The overall goal of this procedure is to be able to repeatedly and consistently isolate spinal cord neurons that can be used in a variety of experiments. This method can allow us to gain better insight into the biology of spinal cord neurons and hopefully understand their response to a variety of stressors. The main advantage of this technique is, that it allows for the isolation of a significant number of neurons, allowing those neurons to be used in a wide variety of experiments.
Visual demonstration of this method is critical as the trituration step where neurons are mechanically isolated from the tissue, requires some time to master, in order to ensure healthy neuron isolation, without killing them. To begin this procedure, separate the head from the body of the euthanized mouse pups, using scissors. Next, stabilize the tail and arms on the procedure table with the dorsal side facing up.
Then, cut the skin off using the curved iris scissors. After that, cut the spinal cord from the lumbar region, just above the hips and then cut both sides of the thorax to separate it from the body. Wash the samples sequentially in three 10 centimeter petri dishes, containing five milliliters of sterilized PBS for 10 seconds each, to remove excess tissue.
Subsequently, insert a 22 gauge needle and syringe filled with five milliliters of sterilized PBS into the caudal end of the spinal column and flush cranially, allowing the cord to exit into a fourth petri dish. Transfer the spinal cord in a 15 milliliter tube with five milliliters of HABG on ice. Avoid crushing the spinal cord and repeat the procedures for the rest of the pups.
Ideally, this process should take no more than 30 minutes for one group of pups, to ensure neuron isolation. To prepare the density gradient, prepare each of the four layers in four 15 milliliter tubes. Then, add one milliliter of each layer into a new 15 milliliter tube.
Start with layer one at the bottom, and add sequentially, until reaching layer four at the top. Avoid disturbing the layers while adding and any vigorous movements, that may cause mixing. Next, add the digestion media to the minced tissue.
Place the sample in a shaker in the water bath at 30 degrees celsius. Afterward, remove the tissue from the water bath and allow it to settle for a few minutes. To perform trituration, aspirate the excess digestion medium.
Suspend the tissue in two milliliters of HABG, using a narrow-bore pipette, triturate 10 times in 45 seconds and avoid introducing air, as it would significantly decrease the viable yield. Trituration is one of the most critical steps of the procedure, the tissue should be carefully drawn into and emptied from the fire polished pipette, avoiding excess vigor which can lead to neuronal death or being too gentle, which would result in a low yield. Following that, aspirate the top two milliliters of the supernatant and transfer it into a new 15 milliliter tube labeled, collection.

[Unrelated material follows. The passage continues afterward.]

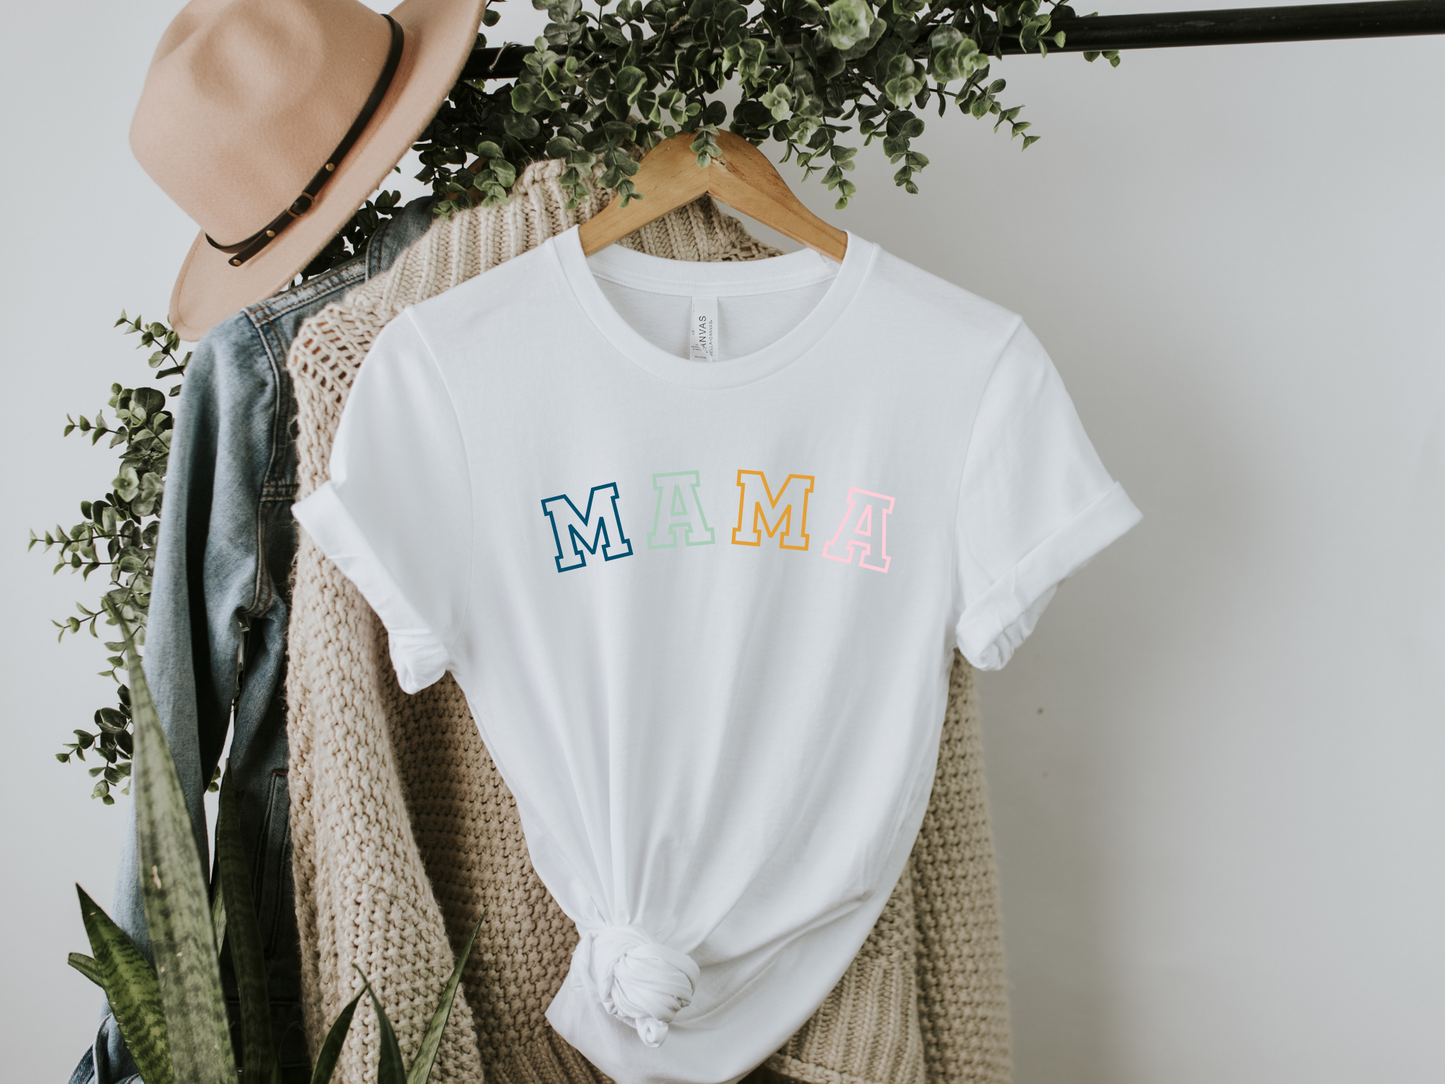 Mama and Mini Boho Shirt Set

Repeat the collection procedures two more times, to yield six milliliters of supernatant. Next, slowly transfer the collection tube contents into the gradient tube prepared previously. Avoiding the disruption of the gradient.
To purify the neurons, centrifuge the gradient tube for 15 minutes at 800 times G, at 22 degrees celsius. Collect the desired layers and transfer them in a new 15 milliliter tube. For the highest purity neuron isolation, collect layer three.
For more yield with less purity, collect layers two to three. Next, dilute the density gradient by adding five milliliters of HABG to the newly collected layers. Centrifuge it, at 200 times G for two minutes at 22 degrees celsius.
After two minutes, discard the supernatant and re-suspend the cells in five milliliters of HABG, by flicking the palate. Subsequently, centrifuge the sample at 200 times G for two minutes at 22 degrees celsius again. Then, discard the supernatant and re-suspend the cells in three milliliters of neurobasal medium, by flicking the palate.
After that, determine the cell density using a cell counter and then, dilute the suspension to 300, 000 cells per one milliliter of neurobasal medium. Shake gently to distribute the cells and solution and add one milliliter of the sample to each well in the coded 24 well plates. Shown here, is the time course of the neurons in culture, after seeding onto the wells.
The cells will typically start adhering to the surface within the first couple of hours. Axons will begin to sprout within the first 24 to 48 hours, connections between various neurons and culture, typically reach maturity at seven days, at which point, experiments are typically carried out on the neurons. In this figure, nuclear staining is shown in blue, with cytoplasmic staining in green and here, the neuron cyctoskeletal protein microtubular associated protein two is stained, showing the outlines and axonal projections of the neurons after a week in culture.
The merge images are combined, showing the relative abundance of the neurons. Once mastered, this technique can be done in three to four hours, if it is perform properly. After its development, this technique paves the way for researchers, studying the spinal cord physiology and pathology, to explore the behavior of spinal cord neurons under normal conditions and in response to for pharmacological agents or stressors such as, oxygen and glucose deprivation, just mimicking our surgical procedures.
While taking on this procedure, it is important to avoid delaying or prolonging any of the steps to prevent isolation of unhealthy neurons. After watching this video, you should have a good understanding of how to isolate healthy and viable neurons from the spinal cords of neonatal mice that can be cultured in serum free media.